# What the task requires
Keep the images out while you retype all of the data exactly.

# Supplied data
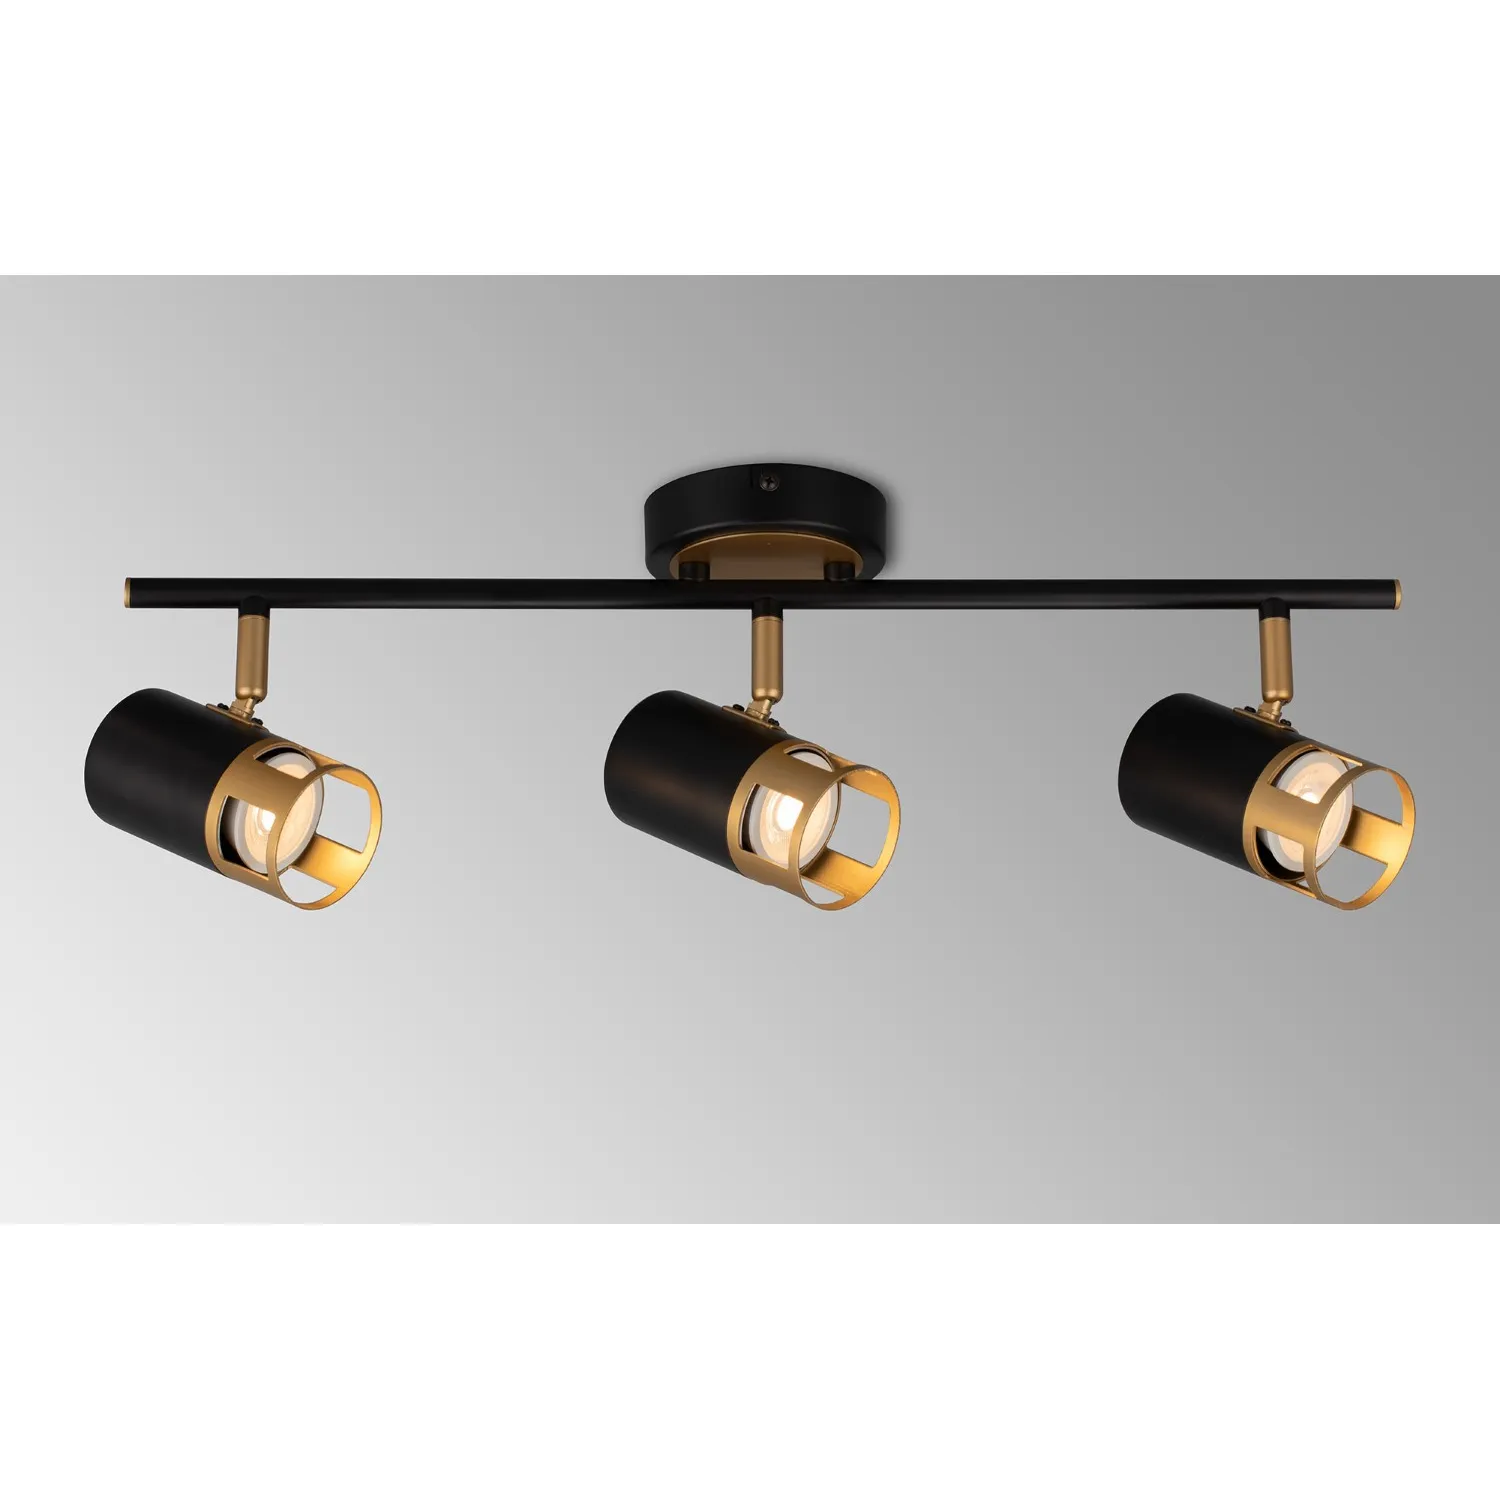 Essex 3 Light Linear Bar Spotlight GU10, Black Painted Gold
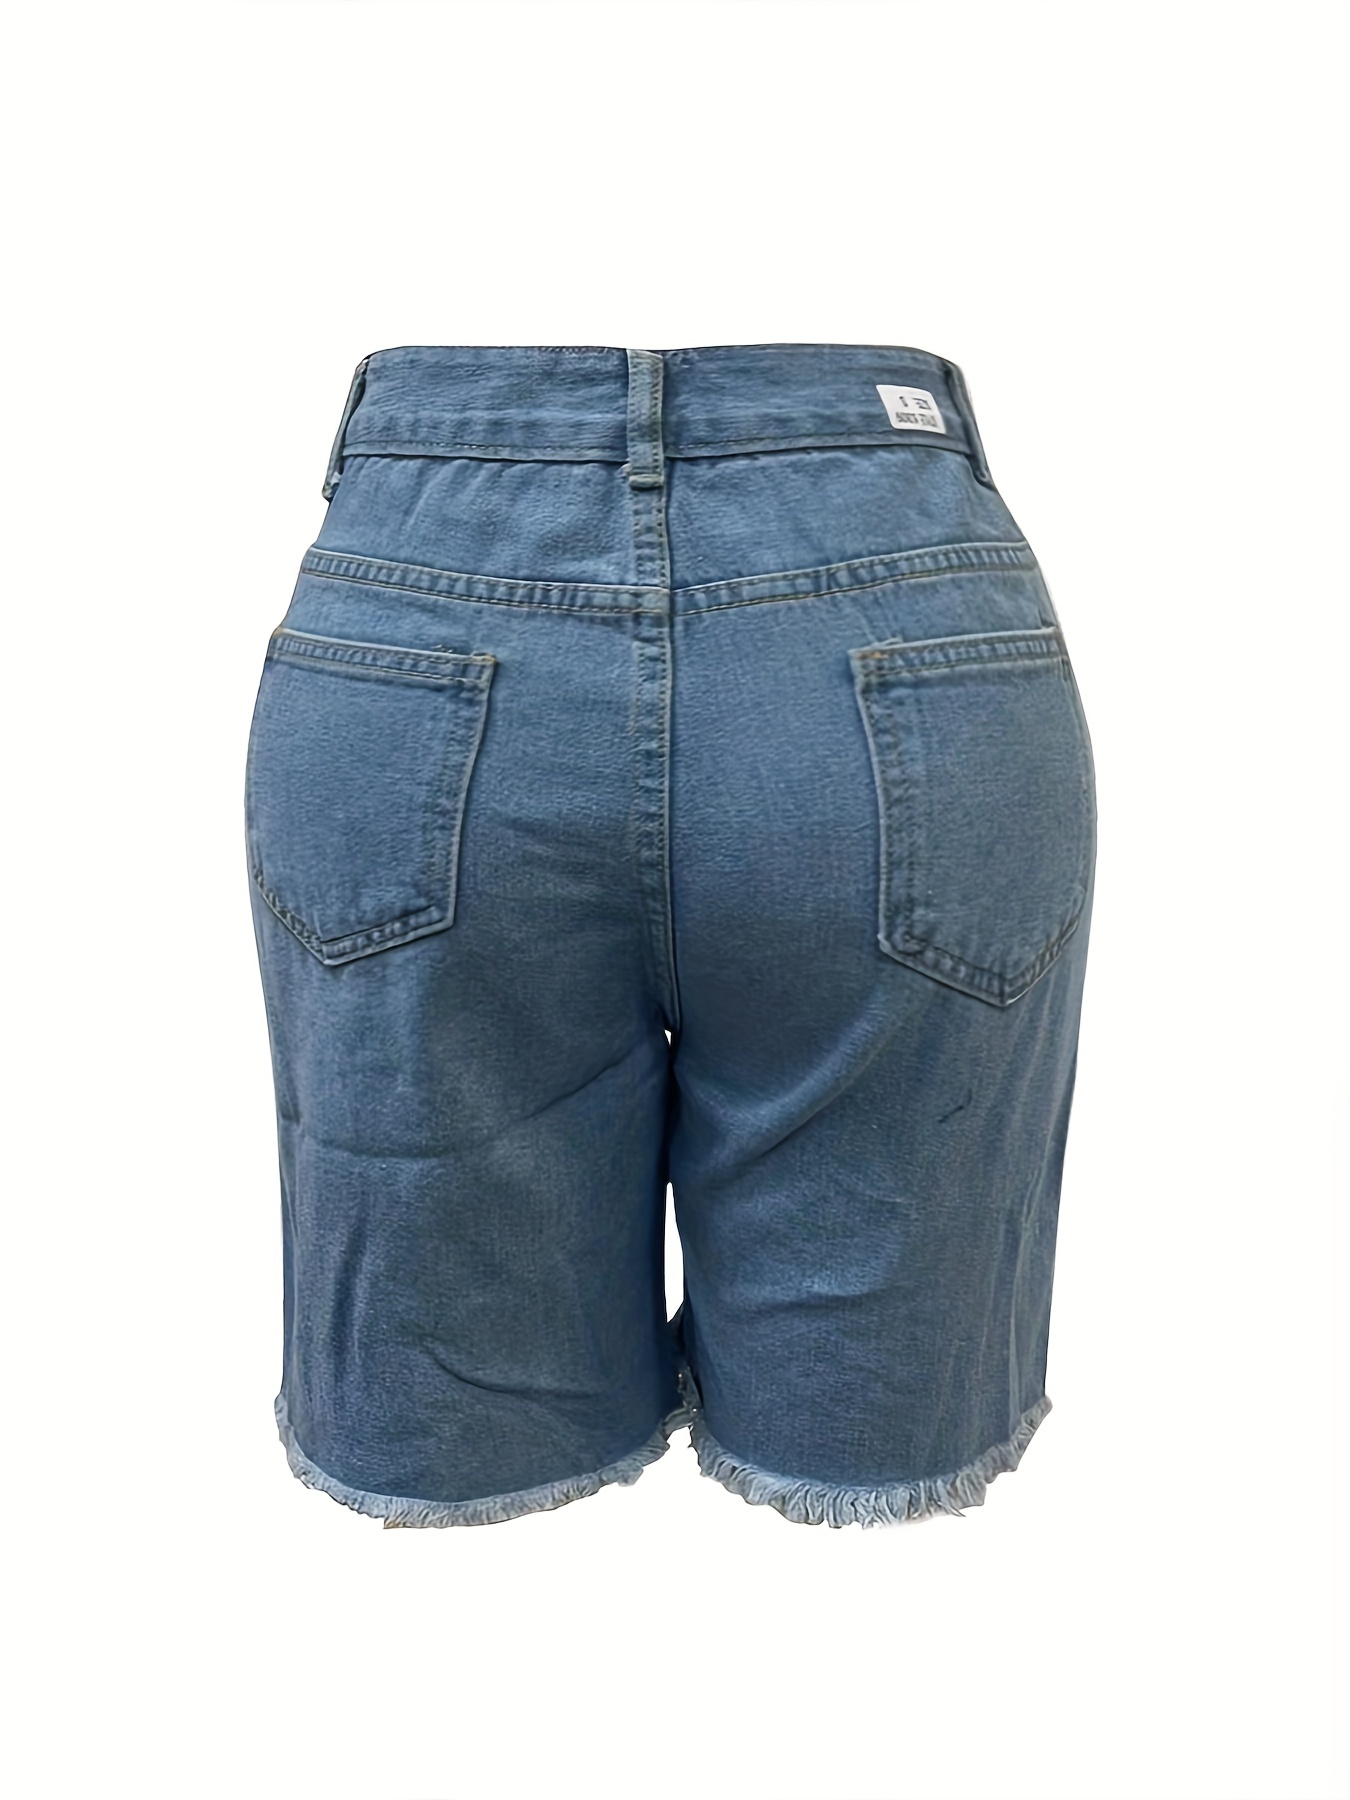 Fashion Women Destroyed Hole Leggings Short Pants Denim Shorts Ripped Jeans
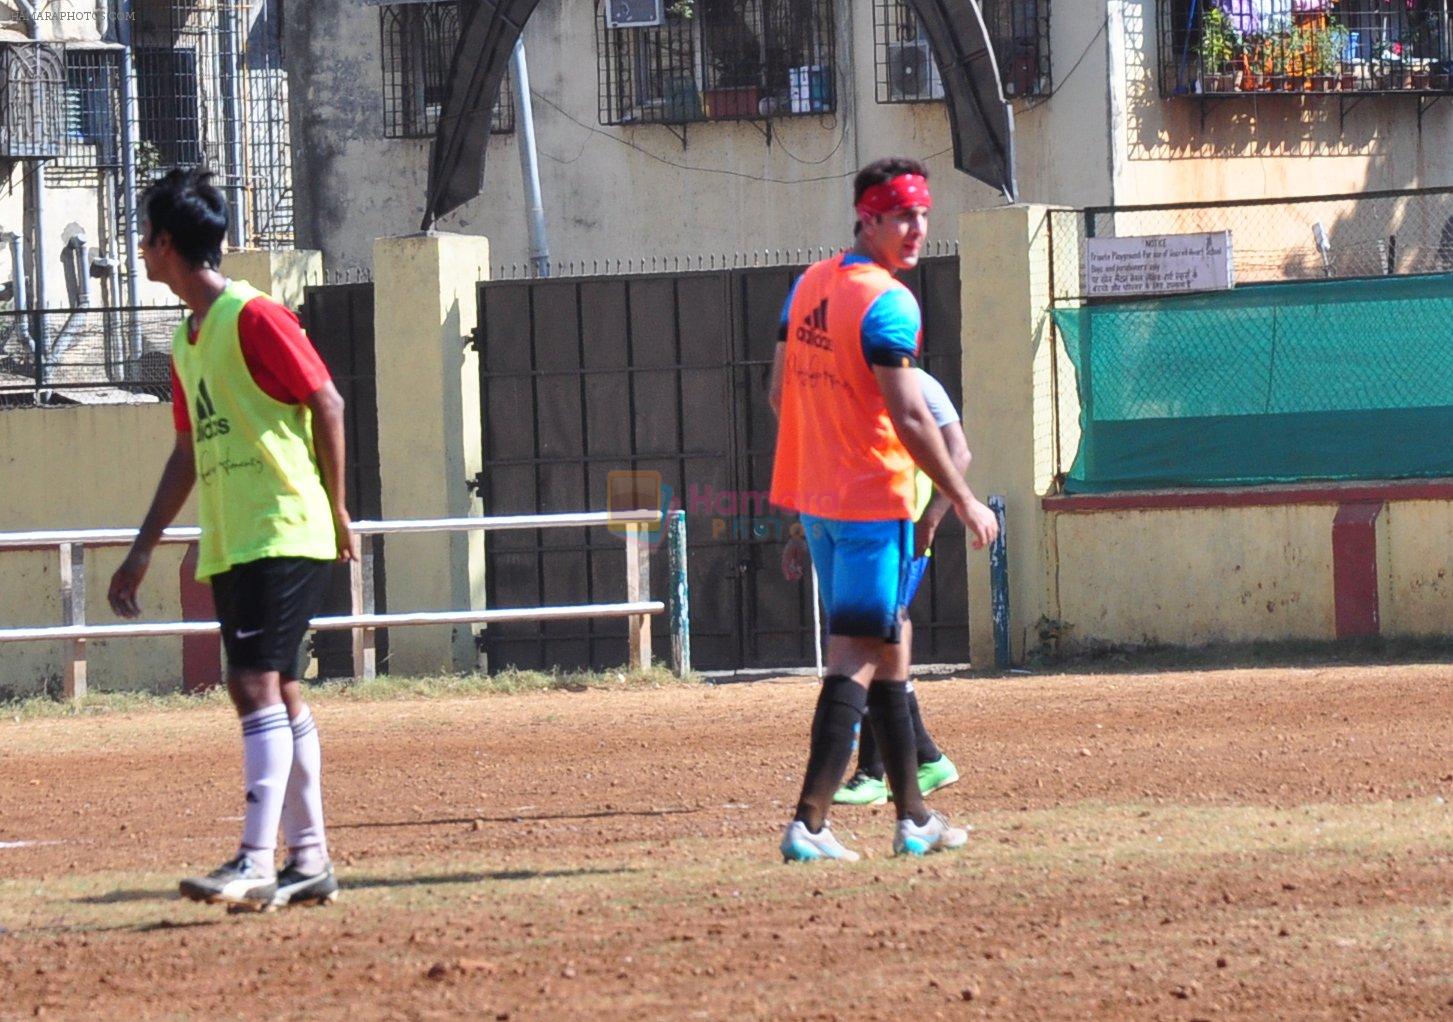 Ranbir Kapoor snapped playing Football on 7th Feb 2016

# Your response
 Essex 3 Light Linear Bar Spotlight GU10, Black Painted Gold
 Fashion Women Destroyed Hole Leggings Short Pants Denim Shorts Ripped Jeans
 Ranbir Kapoor snapped playing Football on 7th Feb 2016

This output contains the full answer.